No other major league sport makes its players travel the way pro basketball does. Baseball teams arrive in a town and settle there for three or four days. Football teams travel on 10 weekends a year, the exhibition season included. Hockey? Sure, NHL teams have a lot of one-night stands, but at least they often charter and fly when they want to fly.

In the NBA, the player is part of a small traveling party: 11 teammates, a couple of coaches, a trainer, a couple of broadcasters and couple of sportswriters. They're high-tech Bedouins, looking for the next oasis with two hoops, a hardwood floor and a three-point half moon. Except for the Detroit Pistons, who own a plane, teams usually travel on commercial flights.

Your days last forever.

Even longer in some cities.

If you ate every time someone asked you to eat, you would weigh 500 pounds. If you went for coffee every time someone asked, you would never sleep. You have to find other ways to kill time. You shop. You shop some more. You have cities where you can buy suits at a bargain, cities where you can buy tapes and records, cities where friends will take you to special places to shop. You're a shopping fool.

New York is easy to handle because you can walk from the hotel to Fifth Avenue or to a museum or simply stand and stare at the perpetual parade of people. Chicago is the same. Philadelphia. Boston. In Los Angeles, alas, you stay in a hotel near the airport. Where do you go? To another hotel near the airport? Cleveland is a hotel near the airport. Detroit. Detroit is a hotel near nowhere.

"You go to this hotel that's 50 minutes from the airport and still 20 minutes from the arena," Doc Rivers says. "You're on a bus, you're off a bus.
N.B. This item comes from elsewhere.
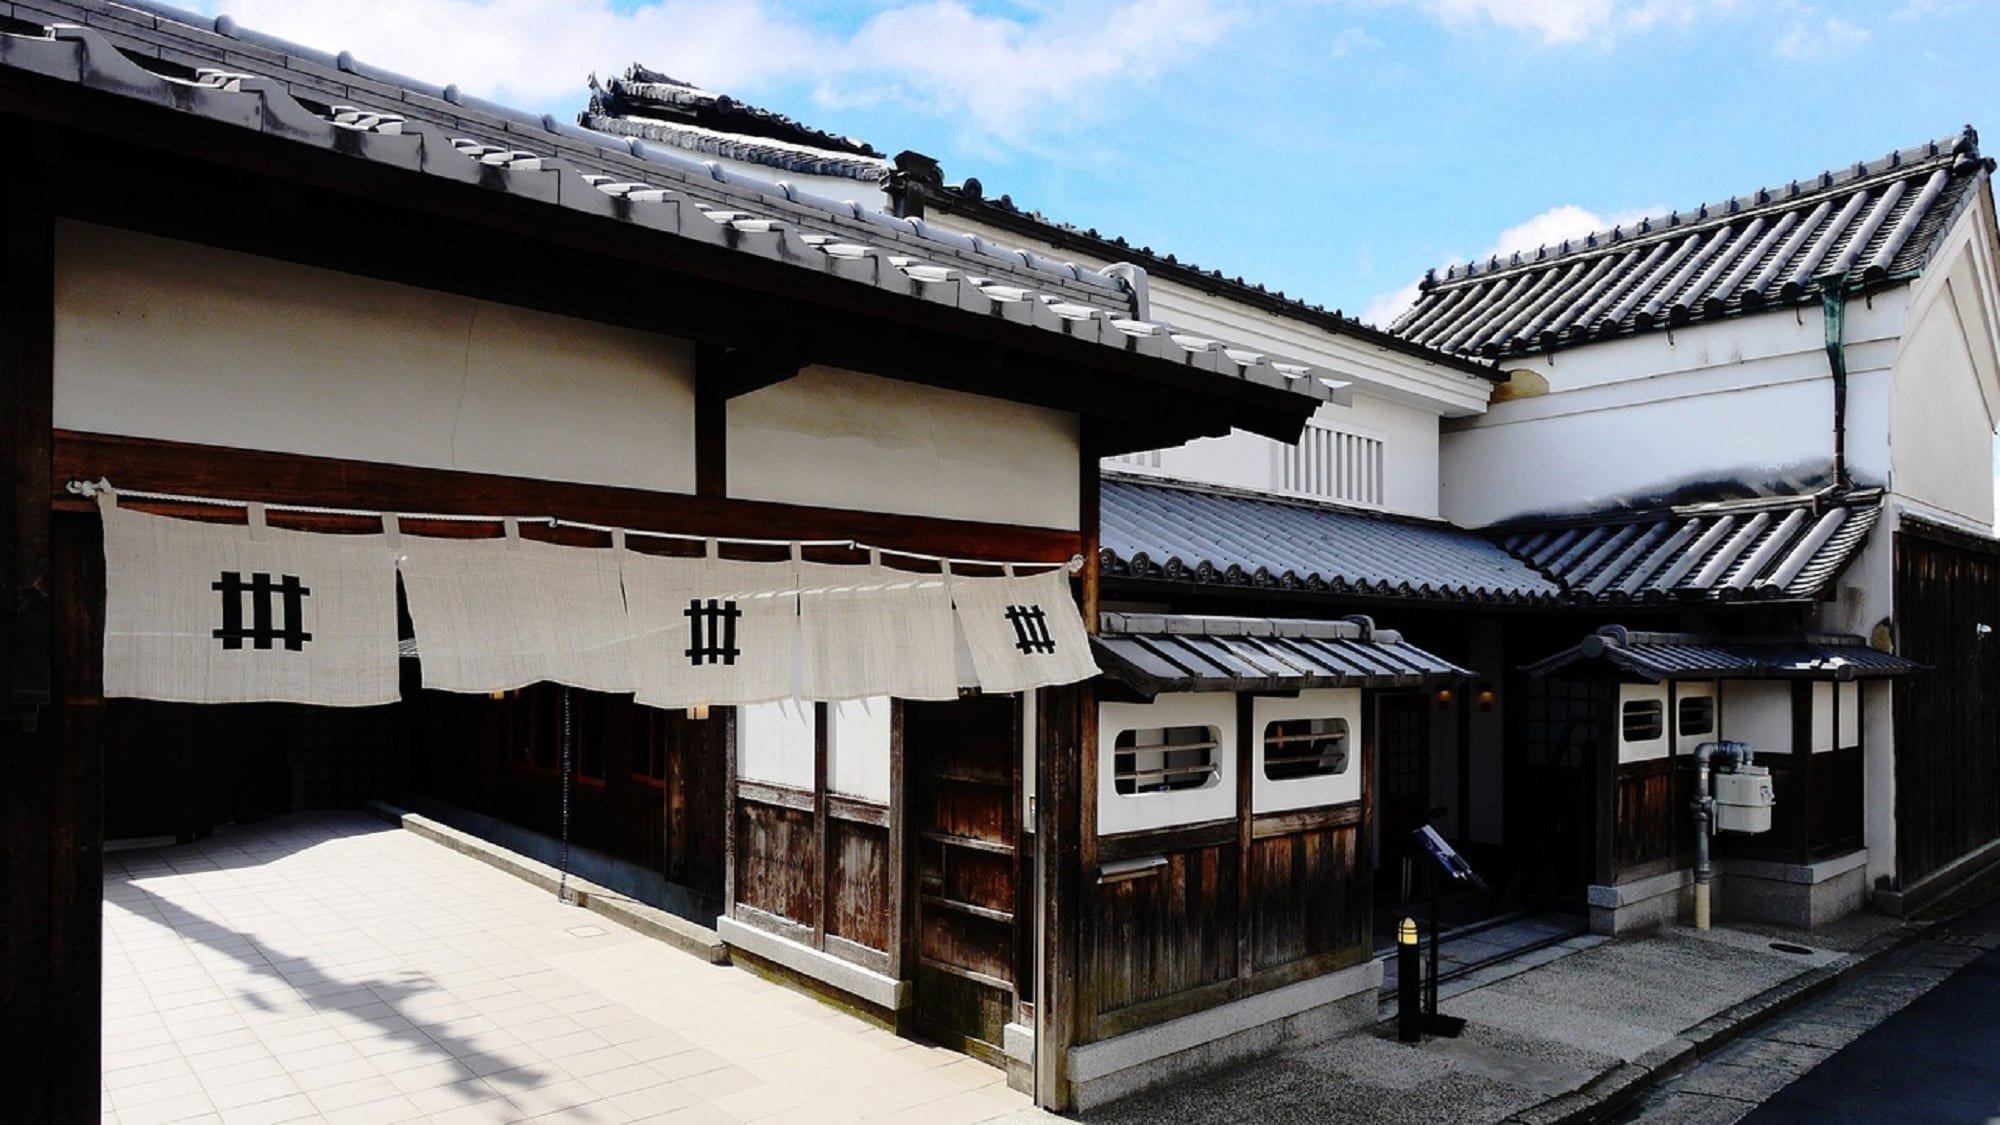 HOTEL NIPPONIA Nara Naramachi adalah penginapan yang menghidupkan kembali bekas tempat pembuatan bir sake dari tempat pembuatan bir yang didirikan pada tahun pertama era Meiji.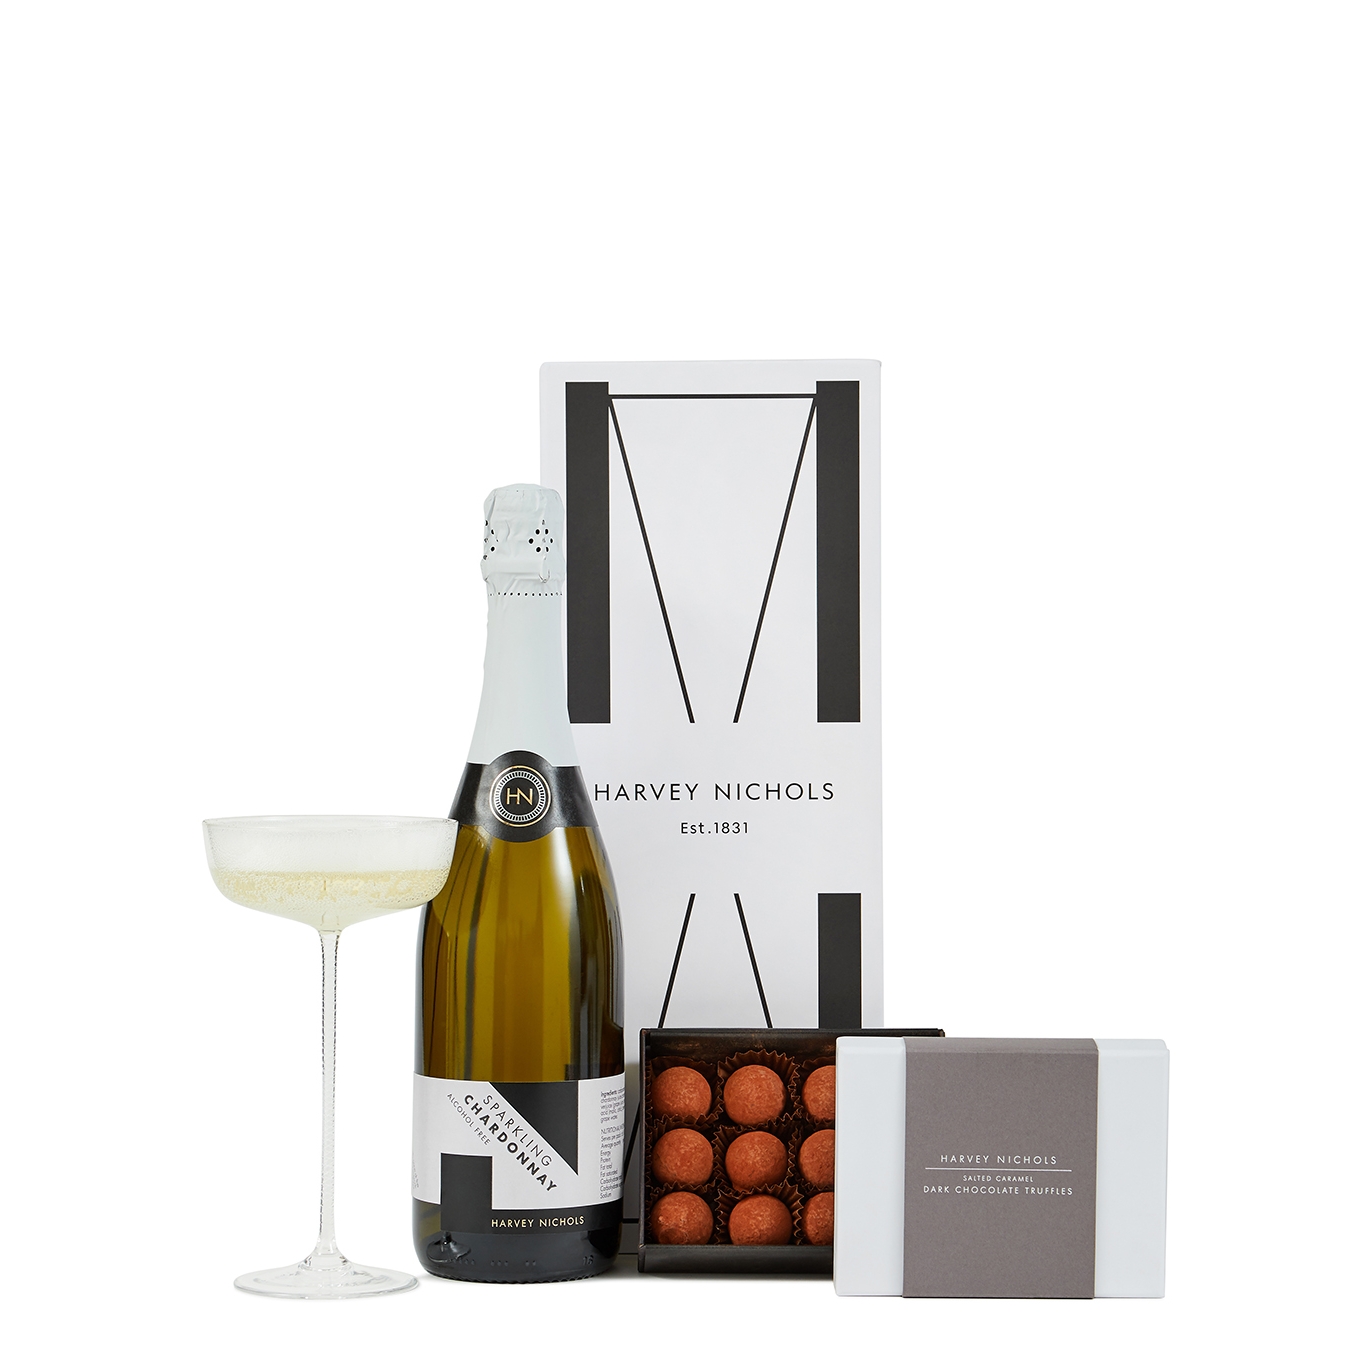 Harvey Nichols Chardonnay & Salted Caramel Truffle, Gift, Alcohol-Free Sparkling Wine

That type of stuff. It's cold, and the plane is late, and you're trapped in nowhere land. You're saying, 'I'm freezing here in this stupid place,' and you're in trouble before you even go to the game."

You're always tired. Why is that? You're staying in good hotels. You're flying first class. That's required by the players' basic agreement with the owners. Every day you've got $50 meal money to spend, easy as that, even though half the time people will buy you a meal or two during the day. You have youth. You have your friends, your teammates, your admirers. You're still tired.